While they stem from the same root, “charter” is the older. It entered Old English as “carta,” derived from the Latin word for “paper.” Remember the “Magna Carta,” the rights granted by King John of England in 1215? That translates as “Great Charter,” and marked among the first uses of the word “charter” in English to mean a “legal document or ‘deed,’ ” the Oxford English Dictionary says. (It picked up an h and changed its ending along the way.) A “charter,” in the late thirteenth century, was also a written contract between two people. But it was not until the early nineteenth century that the verb “charter” was used to mean “To hire (a ship or aircraft) by charter-party. Hence colloquial to hire (a vehicle, etc.),” the OED says. (Obviously, the aircraft came later.)

The noun “chart” came into English in the sixteenth century to mean a map, but the verb “to map” did not surface until the mid–nineteenth century, the OED says.

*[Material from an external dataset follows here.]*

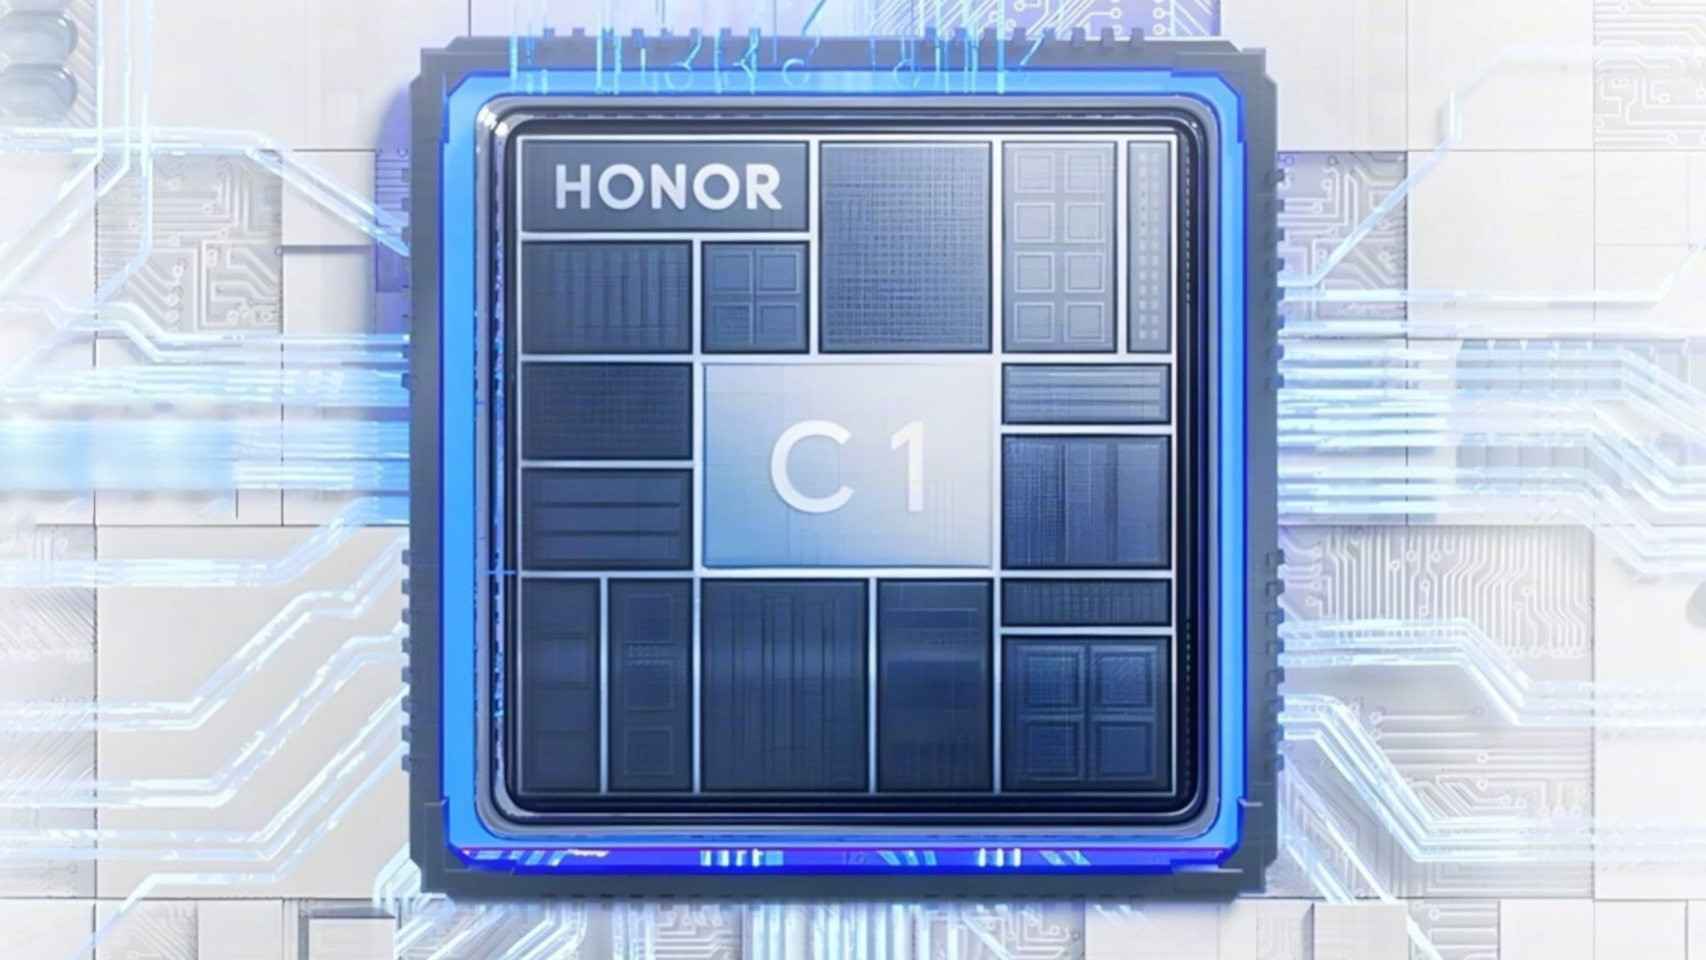 El chip Honor C1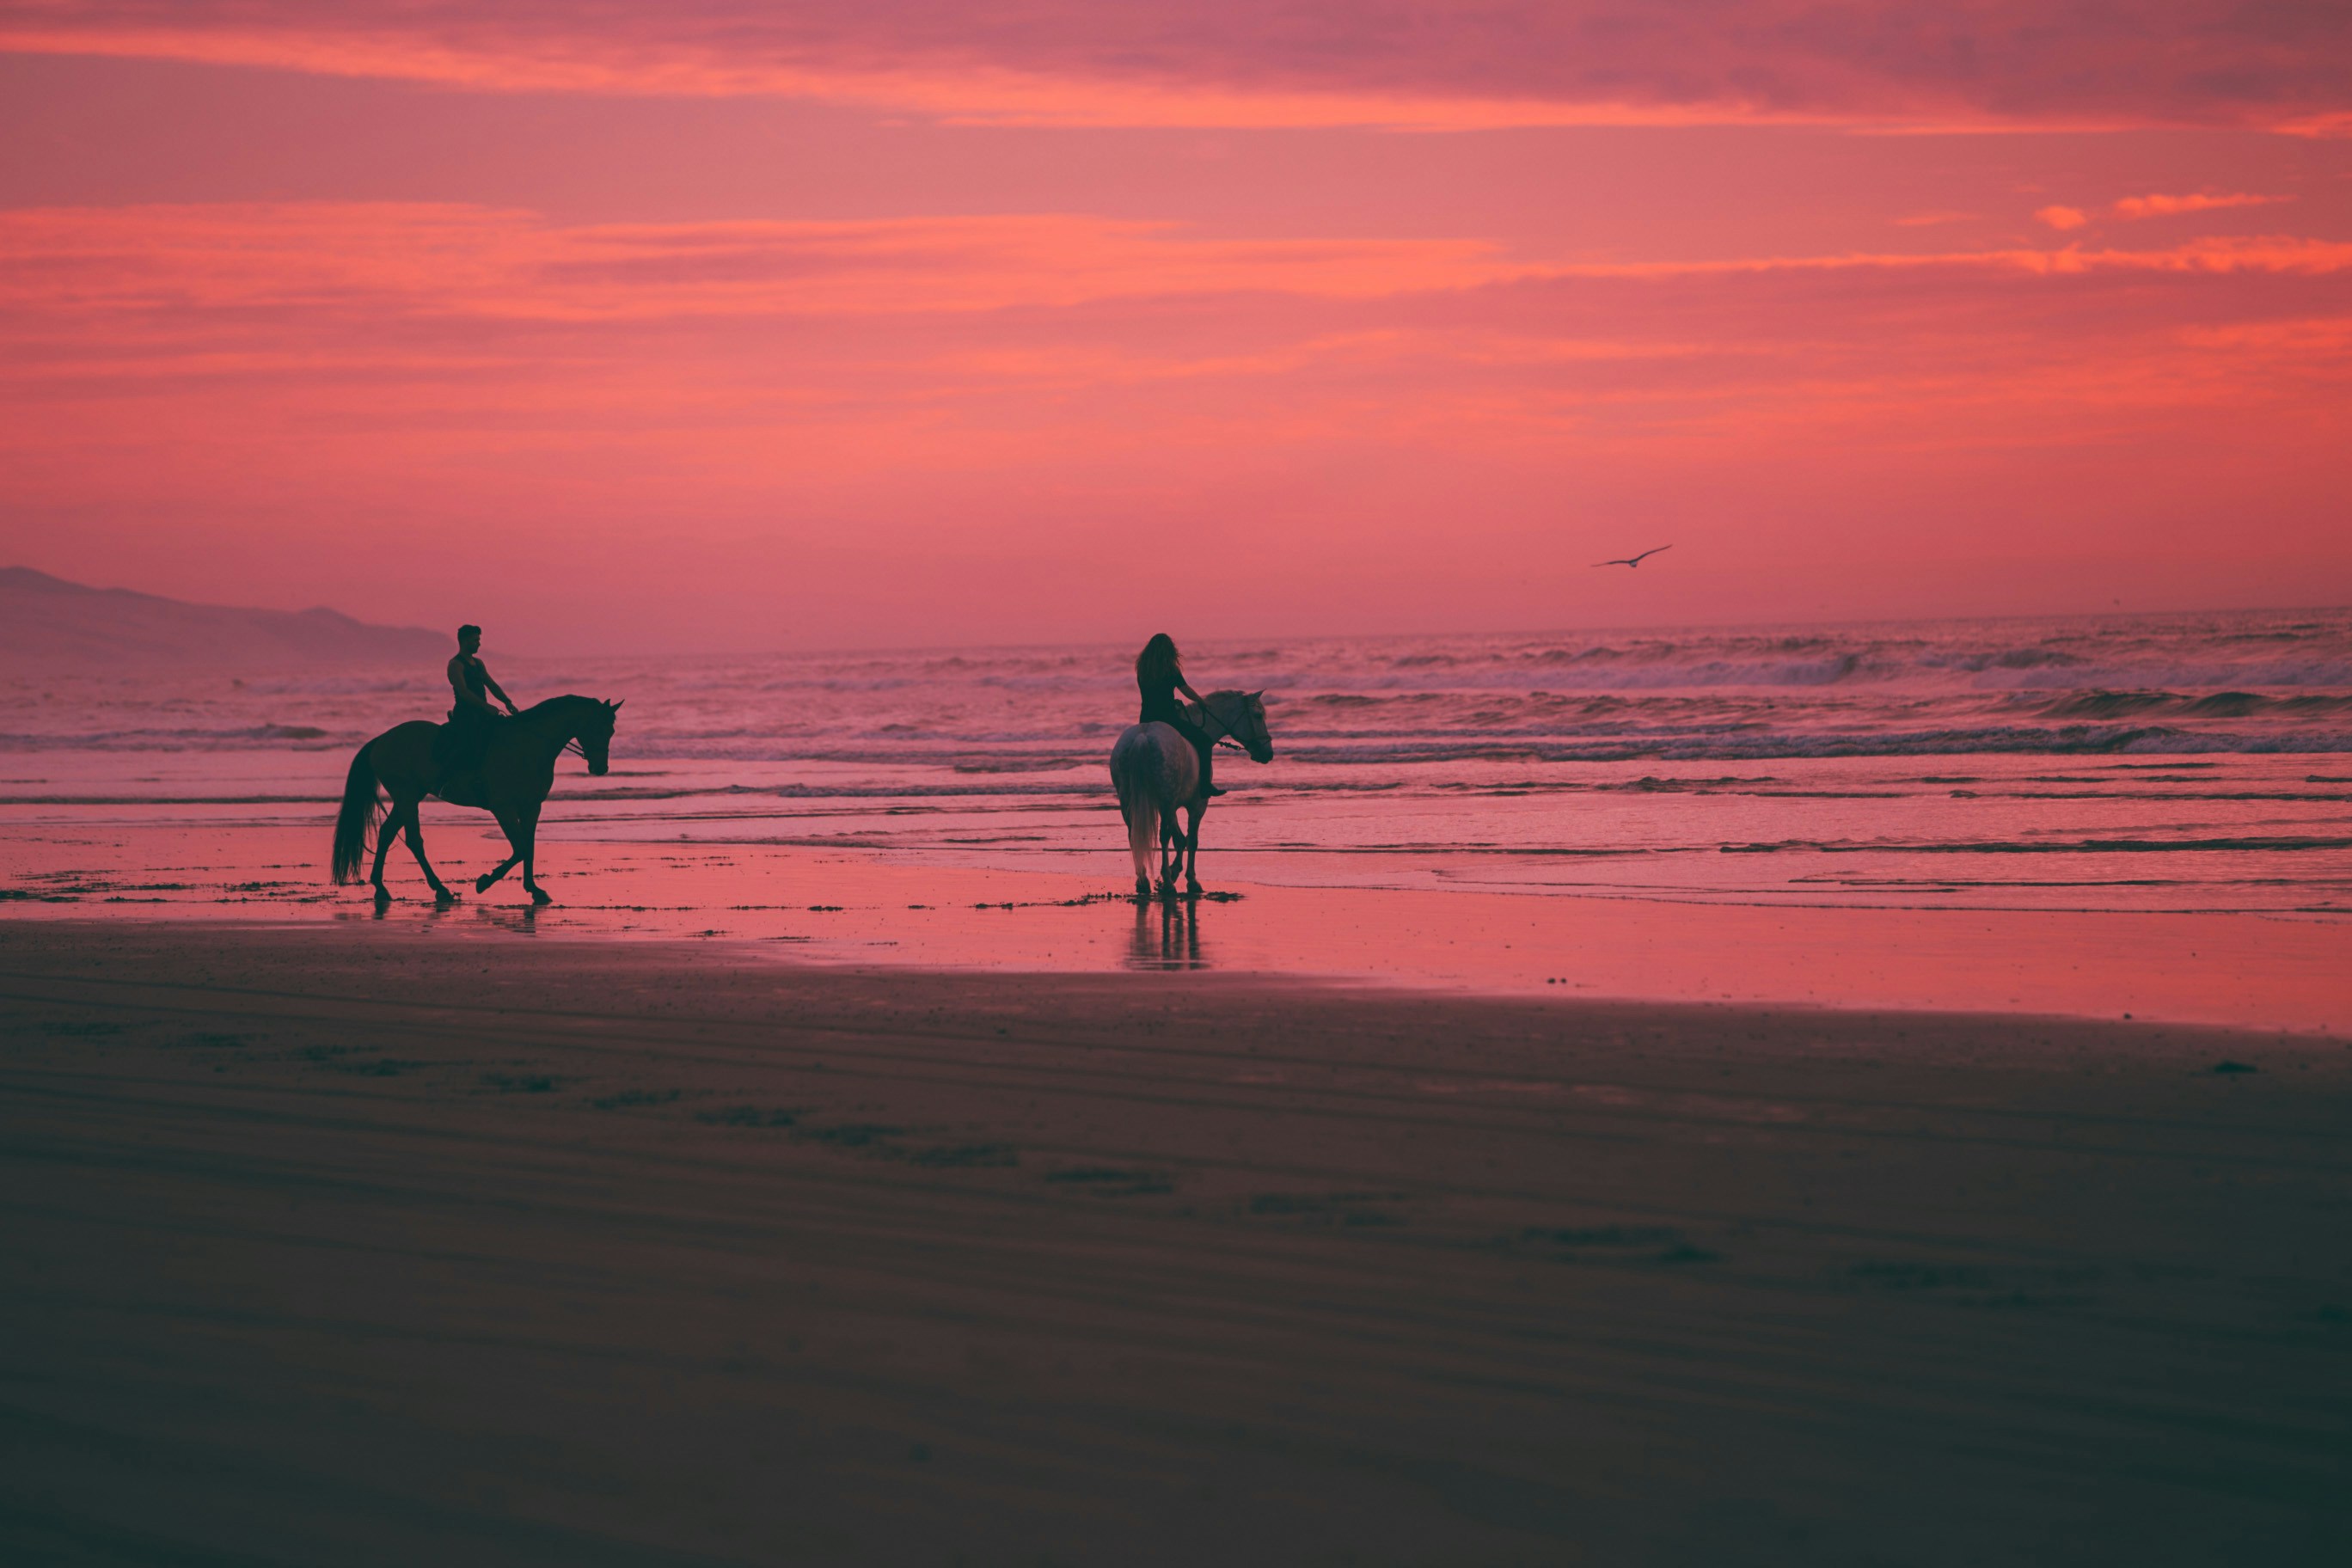 Sunset on horseback

The adjective “unchartered” showed up in the early nineteenth century, and the adjective “uncharted” not many years later.

And they have been confused ever since.

The Grammarphobia blog has found the misuse of “unchartered” to mean “uncharted” dating to the mid–nineteenth century. “Here’s one from Shawmut: Or, the Settlement of Boston by the Puritan Pilgrims (1845), by Charles Kittredge True: ‘His prudence, patience, courage and energy made him the successful pilot of the ship of state in the unchartered waters into which she was launched.’ ”

Bryan A. Garner’s Modern English Usage says that the misuse has “been gradually spreading since the mid-1970s.” Even so, “unchartered” is still at Stage 1 of the five-stage Language-Change Index, which would give our student an F for insisting on “unchartered” to mean “unmapped.”

Some of the confusion could come from the difference between spoken and written language. Here’s a clip of a former vice chairman of S&P Global talking about criticism of the Federal Reserve Board last year. Did he say “unchartered,” or “uncharted”? It’s hard to say, but the headline was “Fmr. S&P Vice Chair: ‘We’re in unchartered waters.’ ”

“Unchartered” and “uncharted” are pronounced virtually identically by many people with a British (or Boston) accent, where the r sound is flattened to “eh” or “ah.” And, to be fair, most news-media uses of “unchartered” when “uncharted” is meant are in direct quotations, which, as many journalists are taught, should not be changed. But if, oh, a United States president pronounced his vice president’s name as another word, let’s say “pounce,” would most journalists change it when they wrote it? Presuming the purpose were not ridicule, that is?

The best guideline for journalists might be this: If “unchartered” is in a quotation from someone who does not flatten their r’s, follow your publication’s guidelines on correcting pronunciation in a quotation. But outside of quotations, chart the right course and make those waters “uncharted.” That way, your audience won’t be lost at sea.